Secure SageMaker Studio + ML Pipelines on AWS with CDK
Disclaimer: I work at AWS, but this is a personal, technical build guide to create a secure, fully managed ML workflow.
Why this post#
With the recent advances in AI/ML, I find myself supporting a data science team that are experimenting and building new models, and running inference for classification using AWS Sagemaker AI. The problem? The infrastructure setup for this scope, while establishing a secure environment, is complicated, and made a bit more tricky with limited CDK constructs being available.
I wanted to create a production‑minded example that demonstrates a secure SageMaker Studio deployment with a real ML pipeline — not just screenshots - although, fear not, there are screenshots 😊.
The goals:
- Secure by default: no NAT, private subnets, VPC endpoints, KMS keys.

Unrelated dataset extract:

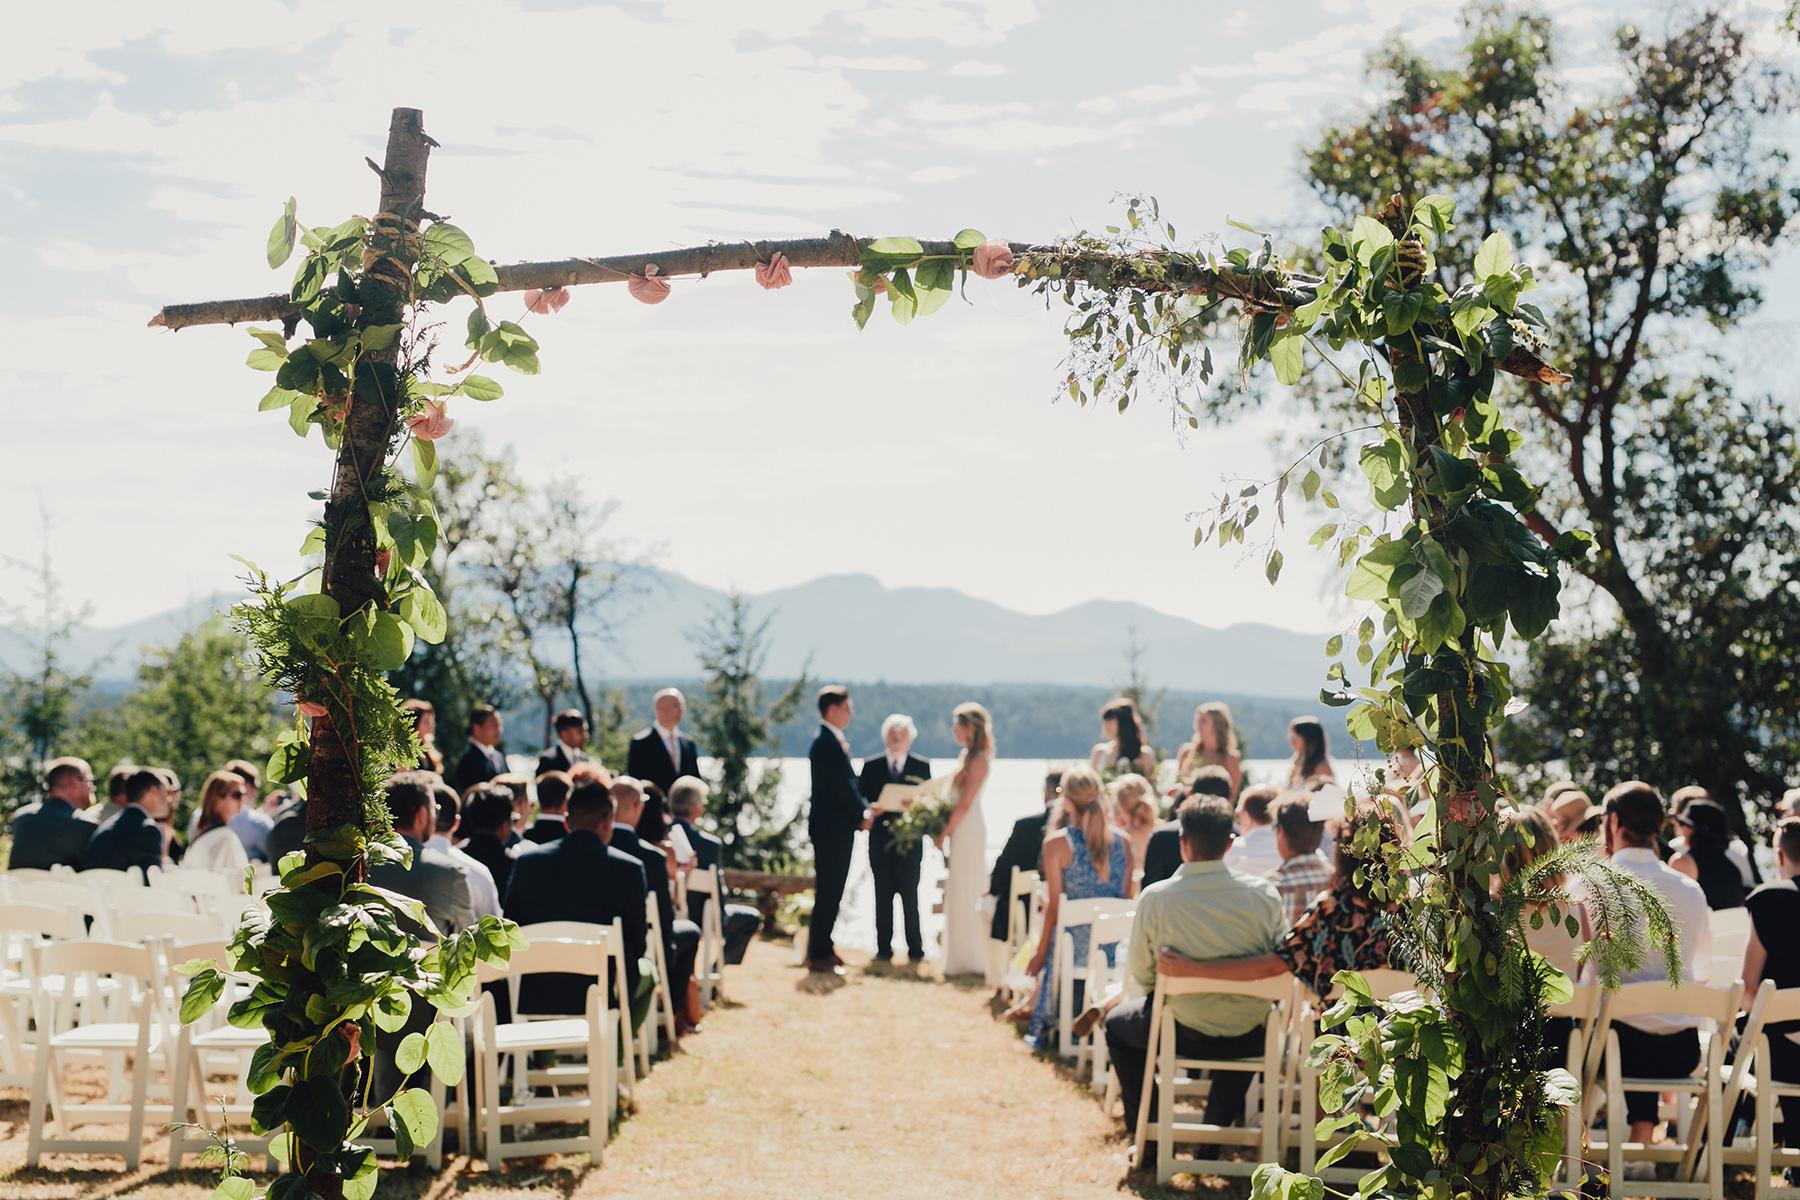 taylorroades-wedding-photographer-vancouver-0364.jpg
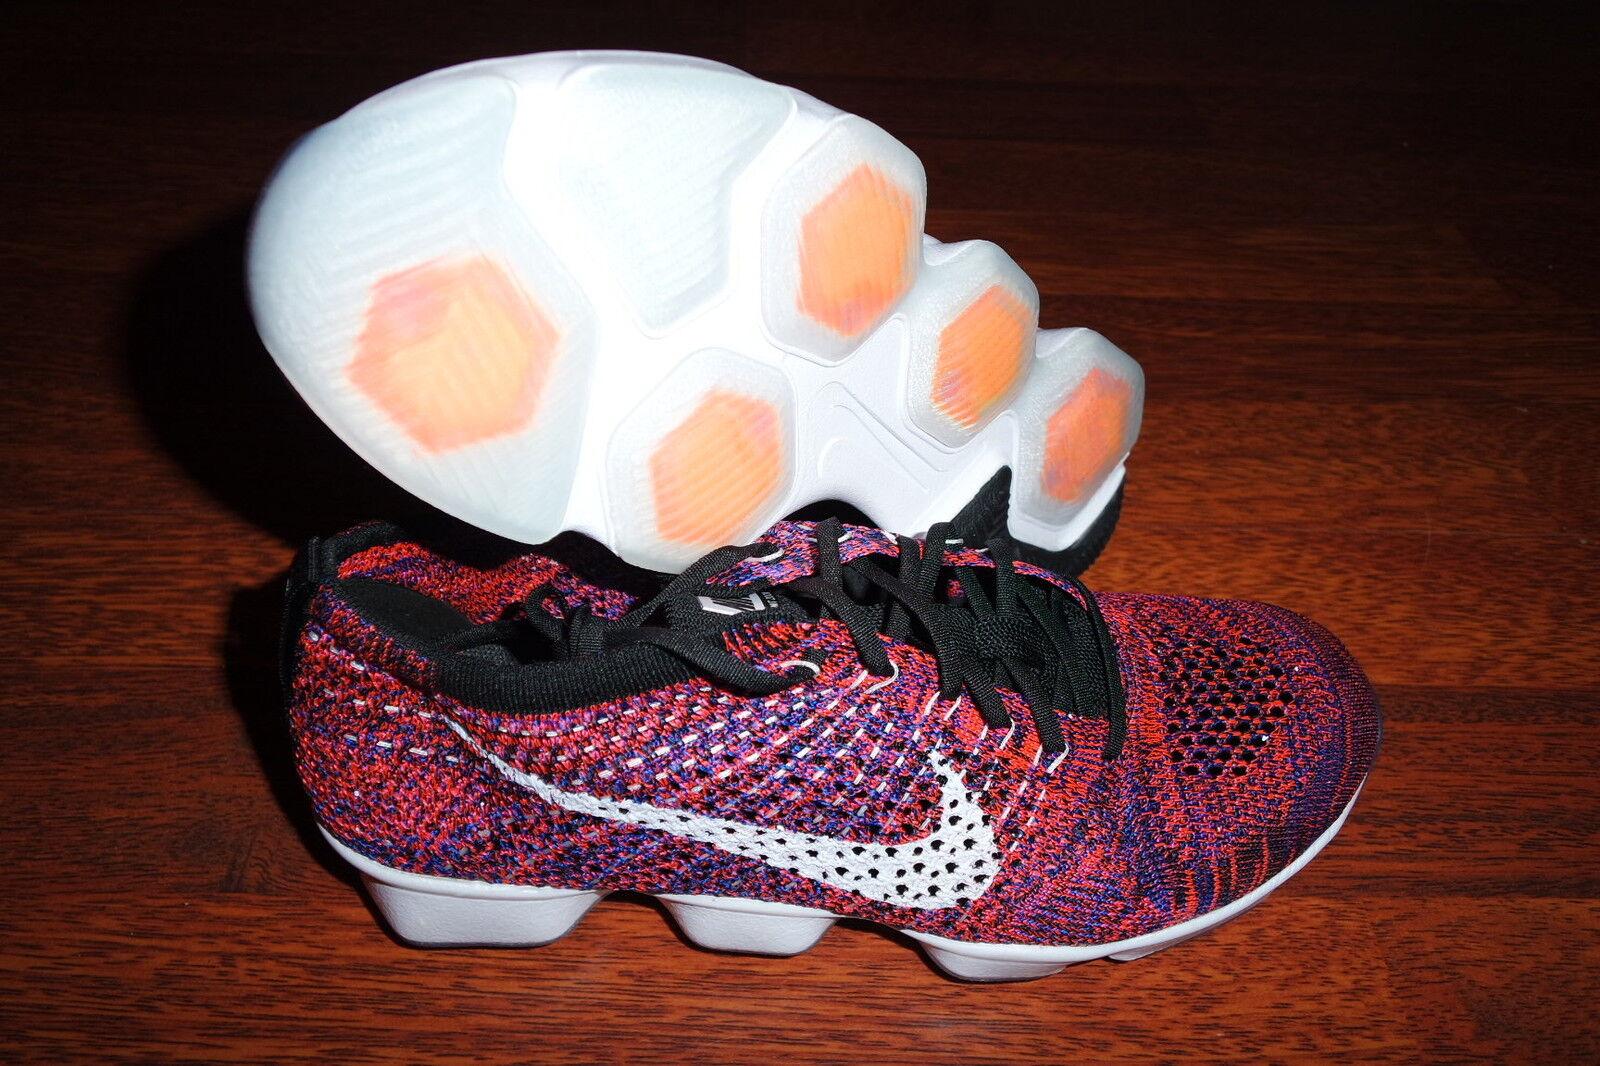 femmes Nike Flyknit Zoom Agility CRIMSON $150 698616 603 RUNNING SZ 8, 9.5 RARE

- Minimal and reproducible: TypeScript CDK, small Lambdas, few moving parts.
- Practical: preprocessing, training, and real‑time inference using AutoGluon.
- Flexible pipeline lifecycle: managed via a custom resource (SDK) instead of touchy L1.
Architecture at a glance#
- VPC‑only networking (no NAT)
- Isolated subnets
- Gateway endpoint: S3
- Interface endpoints: SageMaker API/Runtime/Studio, ECR API/DKR, CloudWatch Logs, STS
- Encryption
- KMS CMKs with rotation for data (S3), logs (CloudWatch), and Studio storage
- Storage
- Single data bucket with prefixes:
raw/
,processed/
,models/
- Separate access logging bucket
- Single data bucket with prefixes:
- SageMaker Studio
- IAM auth, VPC‑only
- One user profile:
weirdion
- ML Pipelines
- Preprocessing (split CSV), Training (AutoGluon), CreateModel, EndpointConfig, Endpoint
- Pipeline lifecycle via Lambda custom resource using the SageMaker SDK
- Observability
- EventBridge rule → SNS topic for pipeline failure notifications
Stacks#
NetworkStack
— VPC, endpoints, Security GroupStorageStack
— KMS data key, data bucket, access logs bucketSagemakerPipelineStack
— Studio domain/user, IAM roles, data seed Lambda CR, pipeline manager Lambda CR, failure alarms
The Fun Part#
As always, if you just need the code - https://github.com/weirdion/sagemaker-pipeline-example
VPC and Endpoints#
We don’t want/need egress for this sandbox, so everything will go through endpoints.
NOTE: Endpoints cost money, be sure to factor that in - AWS Private Link Pricing.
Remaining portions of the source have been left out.